The report suggests that the BLM suffers from a lack of will to implement conservation actions that disrupt the activities of politically powerful and/or historic constituencies. "The BLM is often unwilling to designate ACECs where the most serious threats to resource values occur, and consequently where controversy over ACEC designations is going to be the greatest," said Oliva. Where ACECs do exist in these conditions, a failure to implement and enforce necessary management plans has almost universally compromised the effectiveness of the ACEC designation.

Despite the programs shortcomings, each state has at least one shining example of an ACEC that has succeeded in protecting valuable natural resources. "Some of these areas, like the Dark Canyon ACEC in Utah and the Overflow Wetlands ACEC in New Mexico have site-specific management plans and the sensitive resources in need of protection are thriving. These areas are examples of what the agency could be doing better in many other ACECs," said Oliva.

"The purpose of this report is to bring public attention to the ACEC program and the lack of support that the program receives within the agency," said Oliva.
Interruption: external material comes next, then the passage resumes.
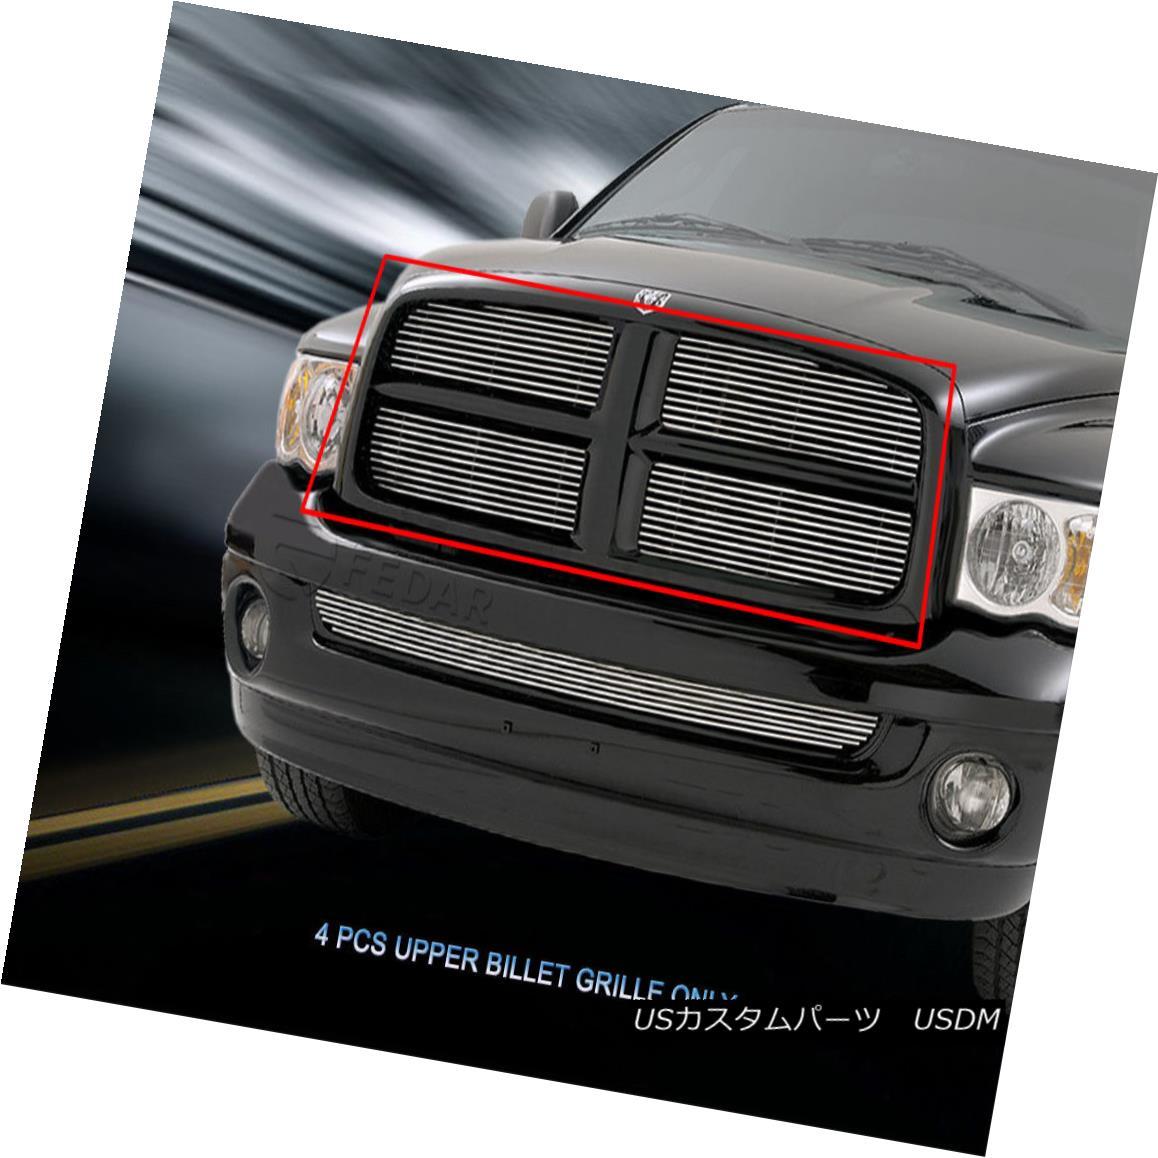 グリル 02-05 Dodge Ram 1500 2500 3500 Billet Grille Grill Insert Fedar 02-05ダッジラム1500 2500 3500ビレットグリルグリルインサートフェルダー

WildEarth Guardians hopes the report will bring attention to the problems of this under-funded program and, by doing so, influence the BLM to become more responsible land managers with these irreplaceable treasures. "The agency needs to be reminded that these lands belong to the public, and that the majority of the public places a high value on the protection of the environment," said Oliva.

The ACEC program was conceived in the 1976 landmark Federal Lands Policy and Management Act (FLPMA), which established the first conservation mandate for the BLM. The ACEC mandate directs the BLM to protect important riparian corridors, threatened and endangered species habitat, cultural and archeological resources and unique scenic landscapes throughout the southwest that the agency believes need special management attention.